Your instructions: Return all of the data exactly, omitting any images.

Stored entries

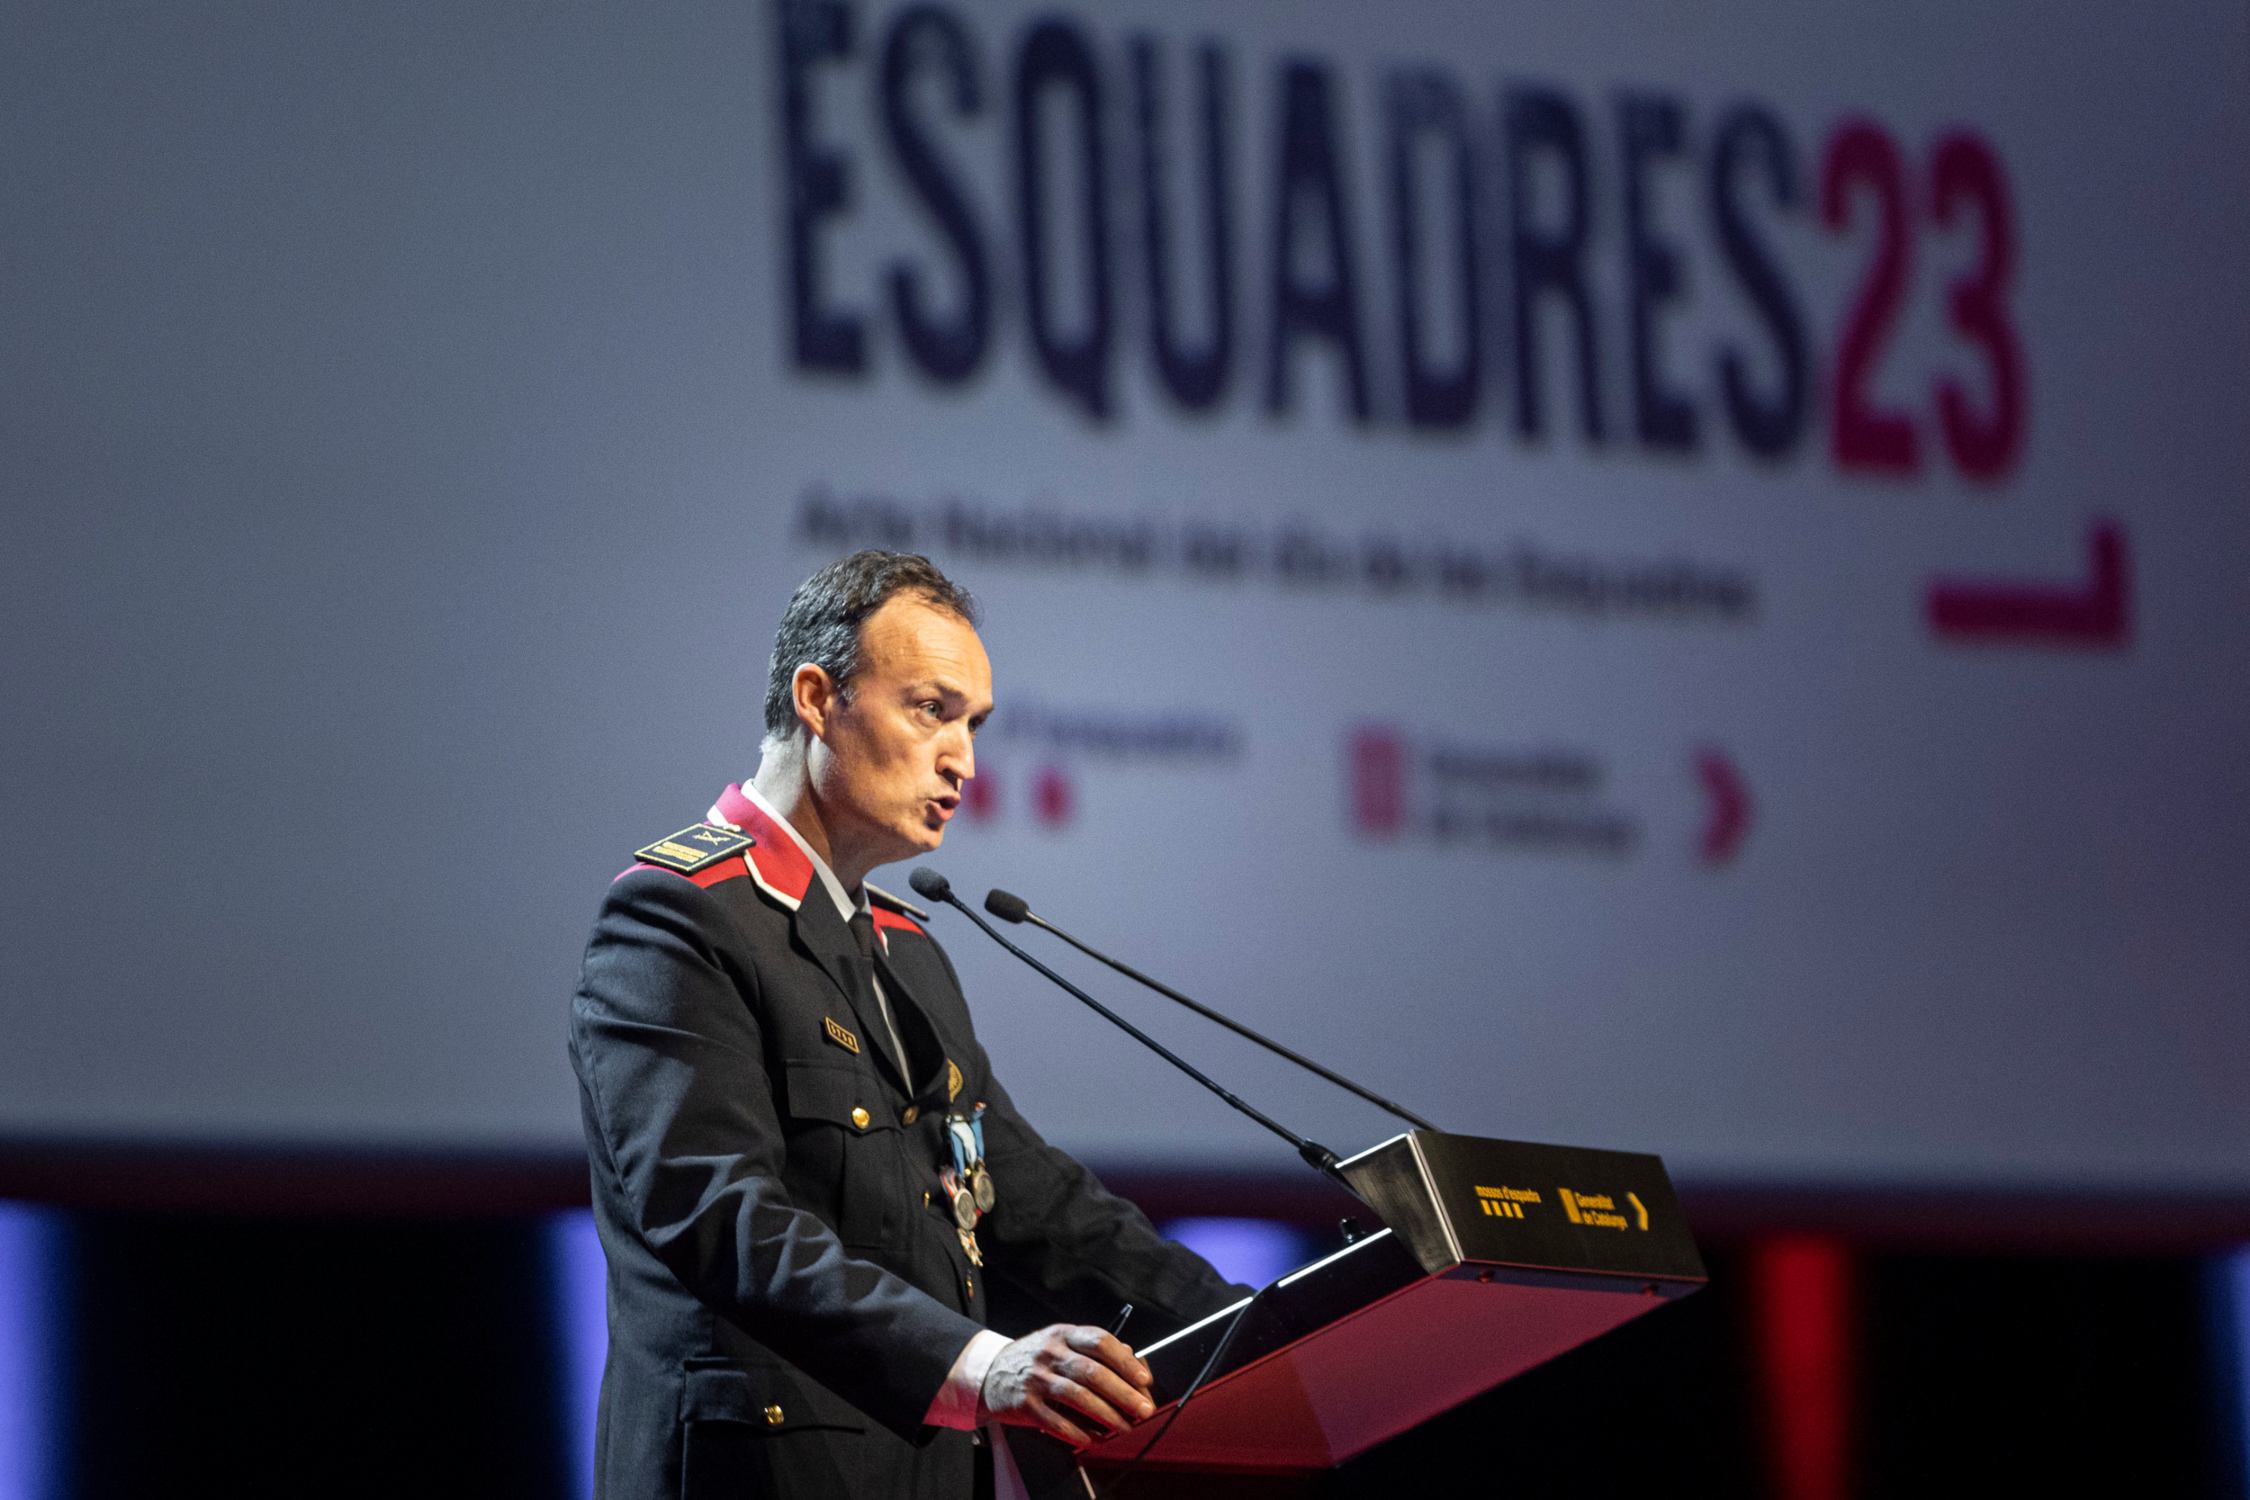 El jefe de los Mossos recupera la normalidad de las Esquadres con un discurso técnico y policial
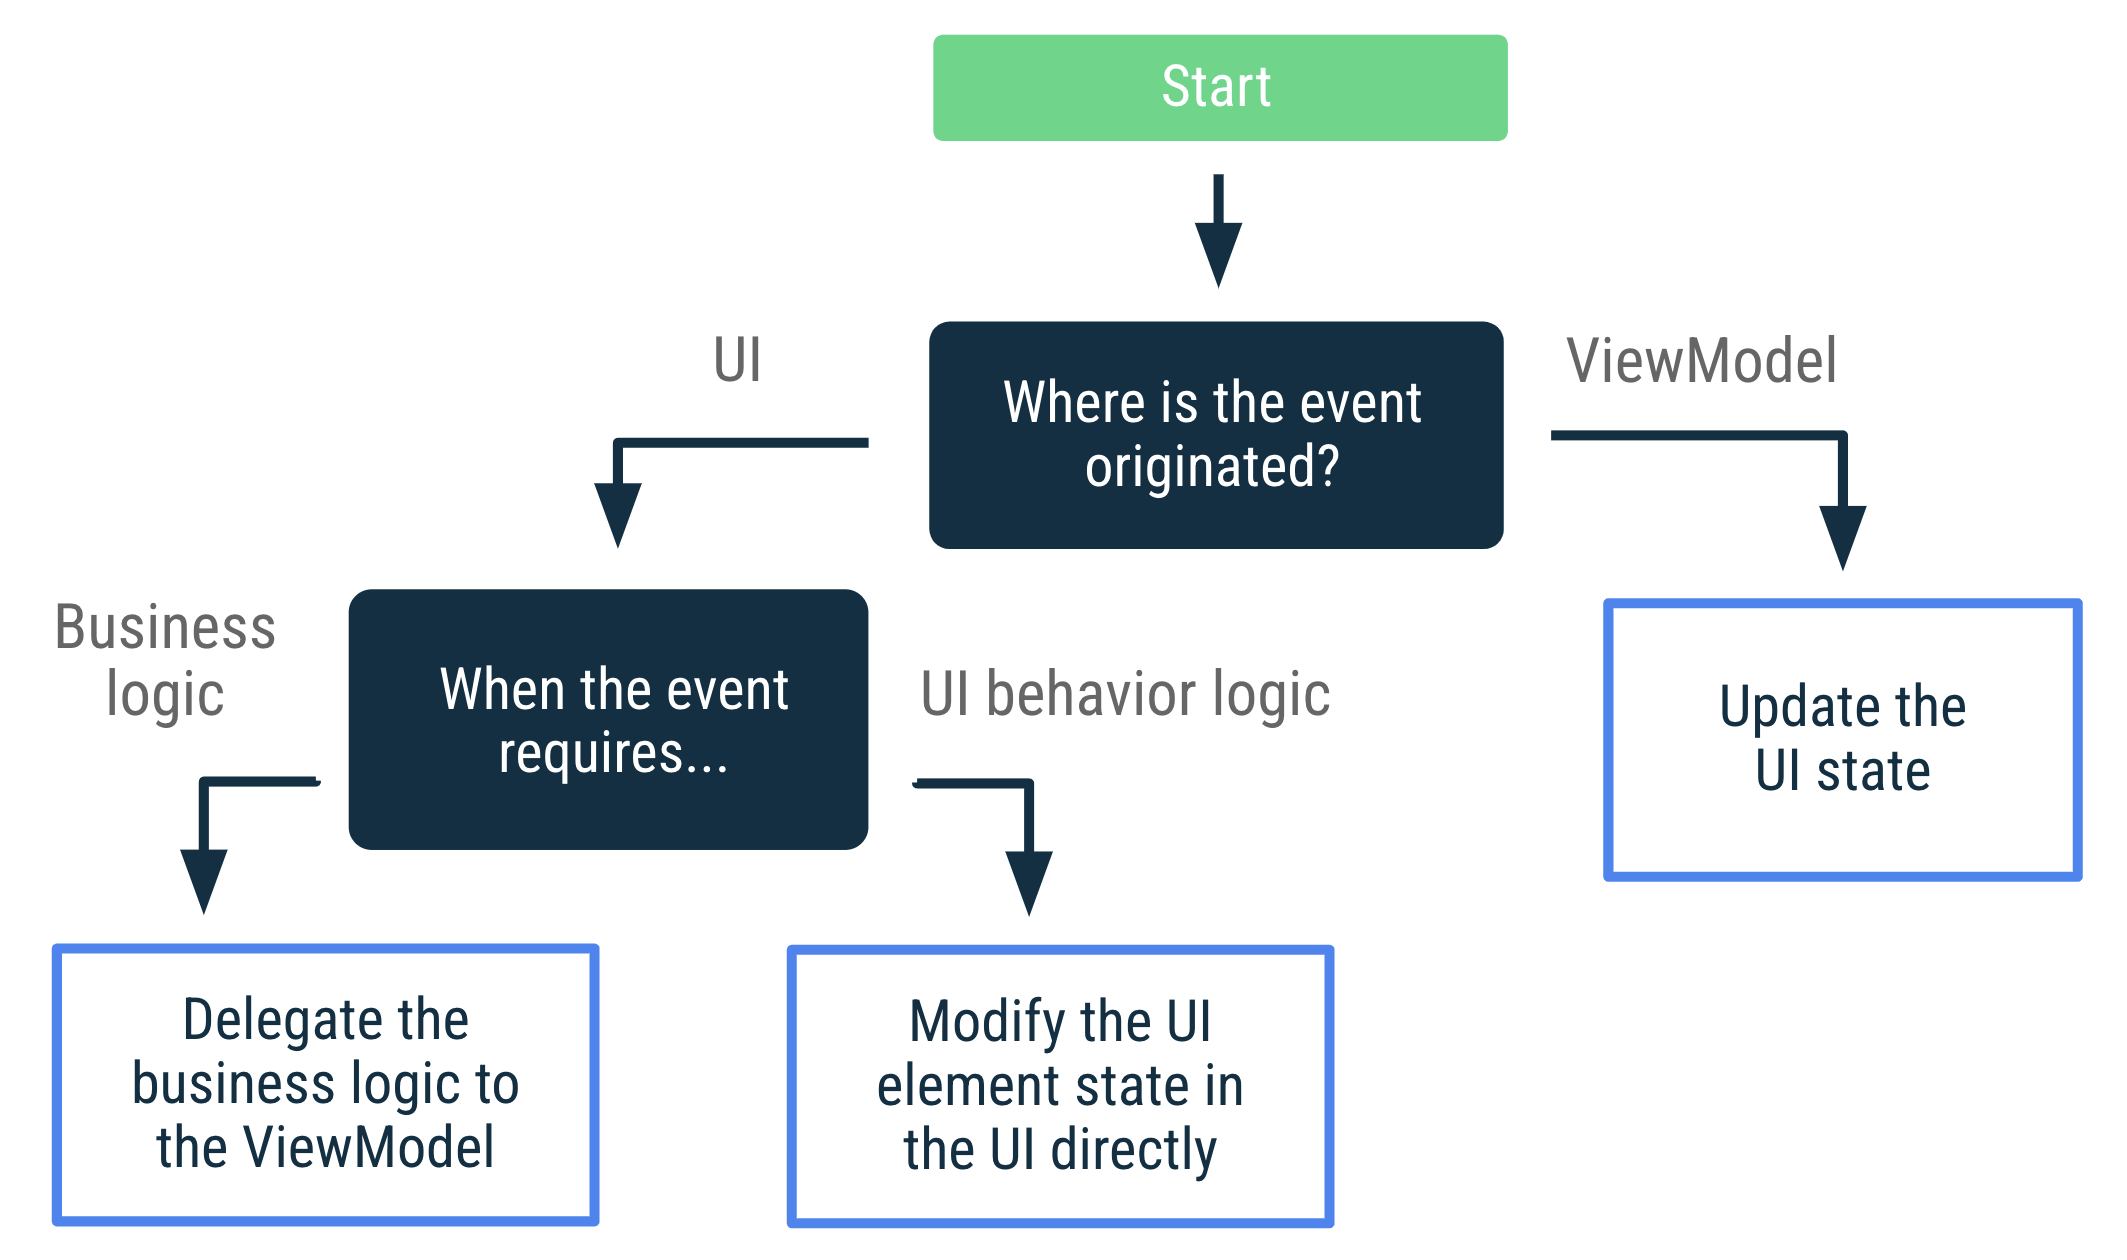 Jika peristiwa berasal dari ViewModel, update status UI. Jika
    peristiwa berasal dari UI dan memerlukan logika bisnis, delegasikan
    logika bisnis ke ViewModel. Jika peristiwa berasal dari UI dan
    memerlukan logika perilaku UI, ubah status elemen UI secara langsung di
    UI.
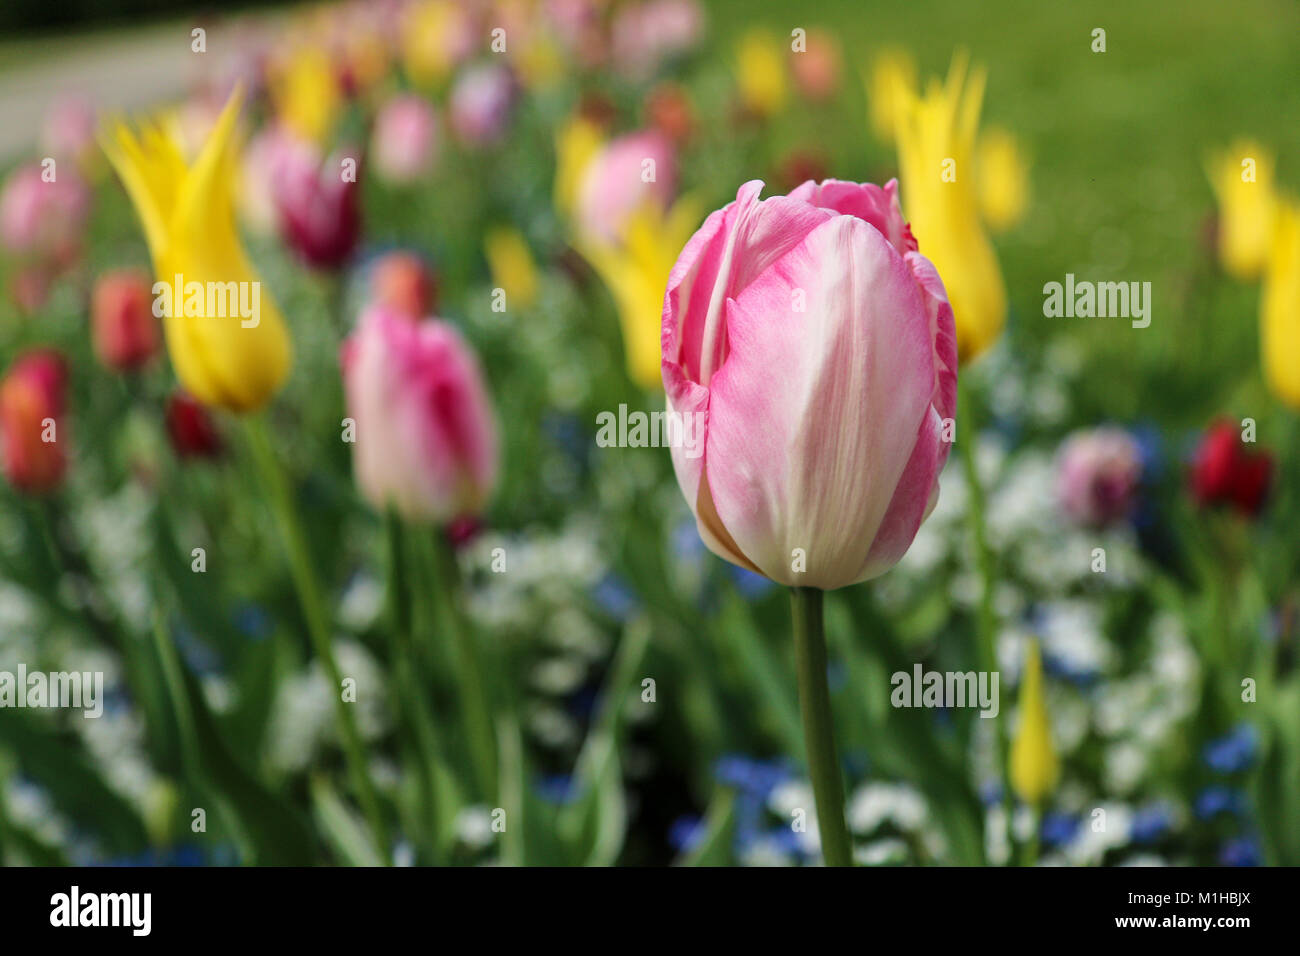 Una foto da un tulipano garden nei Paesi Bassi. La colorata tulip è in dettaglio tra gli altri. Fioriture bellissime sono ovunque Foto Stock

Your response:
 El jefe de los Mossos recupera la normalidad de las Esquadres con un discurso técnico y policial
 Jika peristiwa berasal dari ViewModel, update status UI. Jika
    peristiwa berasal dari UI dan memerlukan logika bisnis, delegasikan
    logika bisnis ke ViewModel. Jika peristiwa berasal dari UI dan
    memerlukan logika perilaku UI, ubah status elemen UI secara langsung di
    UI.
 Una foto da un tulipano garden nei Paesi Bassi. La colorata tulip è in dettaglio tra gli altri. Fioriture bellissime sono ovunque Foto Stock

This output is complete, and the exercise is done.